Copy from the first line below down to and including the line with "Mexican Red Cross and American". Skip the pictures.

- _GIVEN MATERIAL_
>>>
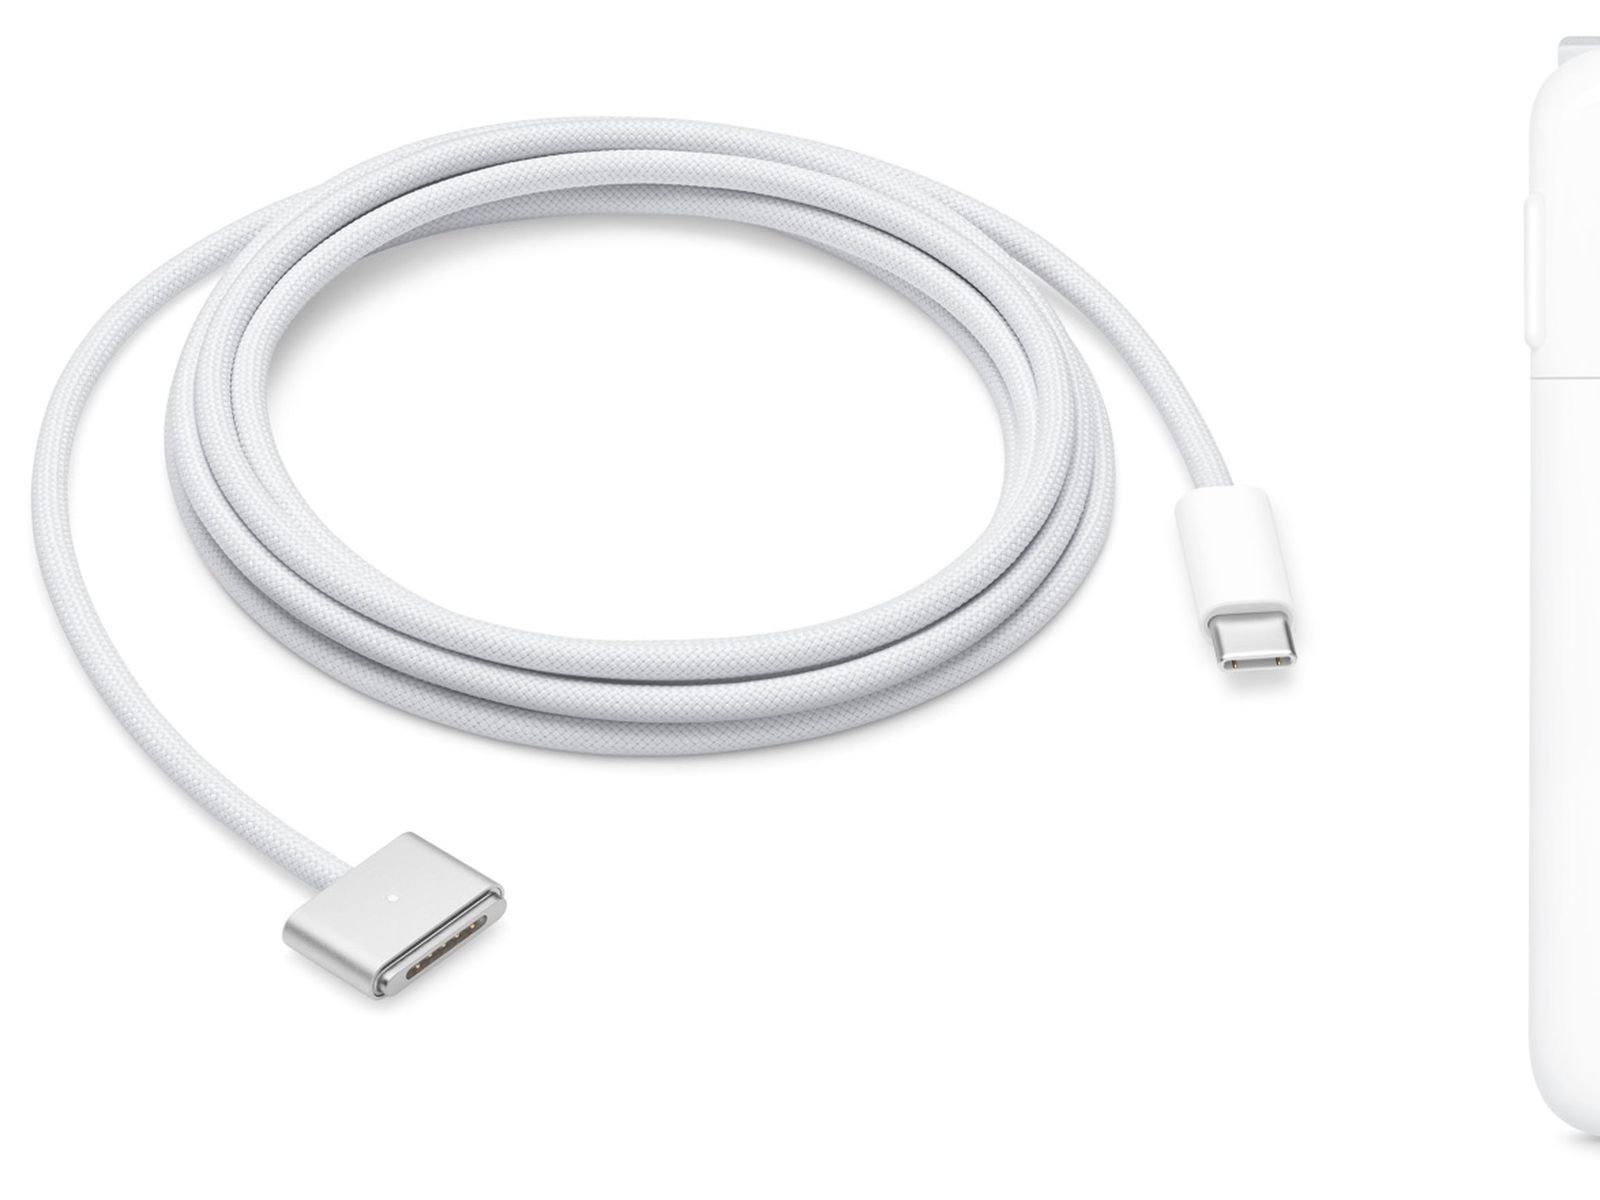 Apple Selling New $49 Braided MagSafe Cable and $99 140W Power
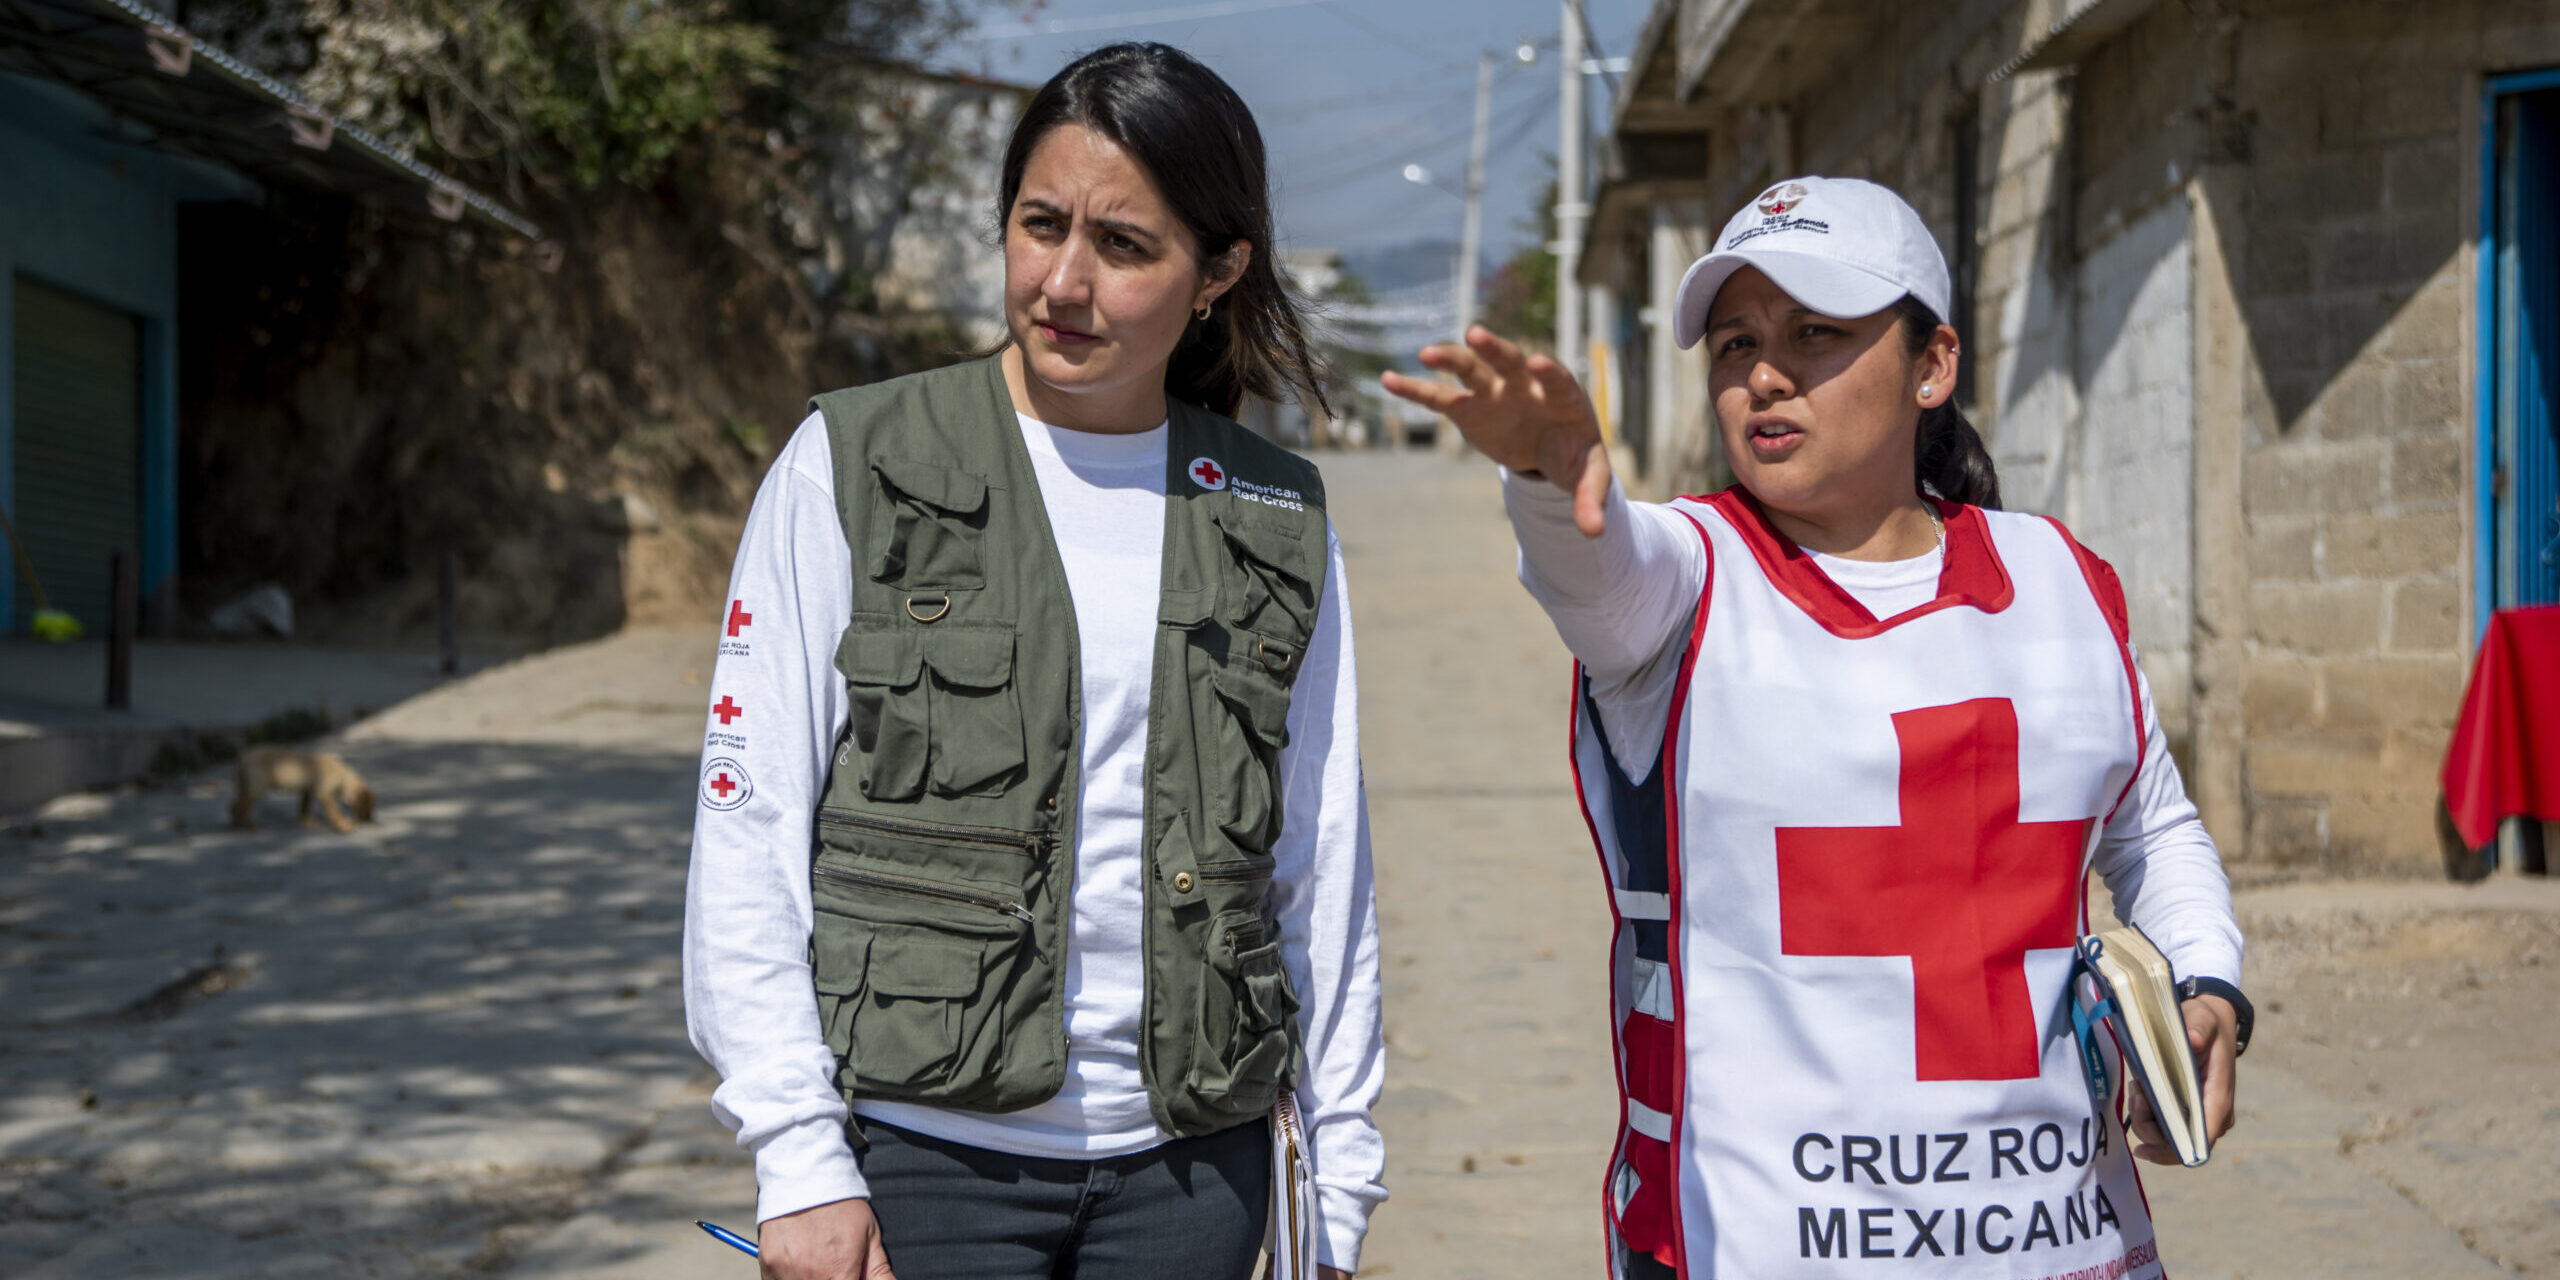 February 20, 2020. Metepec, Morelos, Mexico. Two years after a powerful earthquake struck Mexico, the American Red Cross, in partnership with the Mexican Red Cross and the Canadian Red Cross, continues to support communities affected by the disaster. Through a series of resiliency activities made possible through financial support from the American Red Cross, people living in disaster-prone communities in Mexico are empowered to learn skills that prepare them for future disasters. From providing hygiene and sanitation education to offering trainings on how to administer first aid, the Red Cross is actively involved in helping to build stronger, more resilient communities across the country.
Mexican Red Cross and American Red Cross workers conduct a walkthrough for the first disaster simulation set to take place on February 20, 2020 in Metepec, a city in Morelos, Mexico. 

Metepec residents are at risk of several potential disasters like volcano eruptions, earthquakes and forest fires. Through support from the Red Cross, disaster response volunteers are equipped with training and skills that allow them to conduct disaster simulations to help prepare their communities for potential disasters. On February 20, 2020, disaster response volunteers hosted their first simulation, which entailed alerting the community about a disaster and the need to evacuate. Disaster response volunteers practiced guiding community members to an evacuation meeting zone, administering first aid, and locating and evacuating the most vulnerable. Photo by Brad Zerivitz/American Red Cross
<<<
- _ANSWER BOX_
 Apple Selling New $49 Braided MagSafe Cable and $99 140W Power
 February 20, 2020. Metepec, Morelos, Mexico. Two years after a powerful earthquake struck Mexico, the American Red Cross, in partnership with the Mexican Red Cross and the Canadian Red Cross, continues to support communities affected by the disaster. Through a series of resiliency activities made possible through financial support from the American Red Cross, people living in disaster-prone communities in Mexico are empowered to learn skills that prepare them for future disasters. From providing hygiene and sanitation education to offering trainings on how to administer first aid, the Red Cross is actively involved in helping to build stronger, more resilient communities across the country.
Mexican Red Cross and American Red Cross workers conduct a walkthrough for the first disaster simulation set to take place on February 20, 2020 in Metepec, a city in Morelos, Mexico. 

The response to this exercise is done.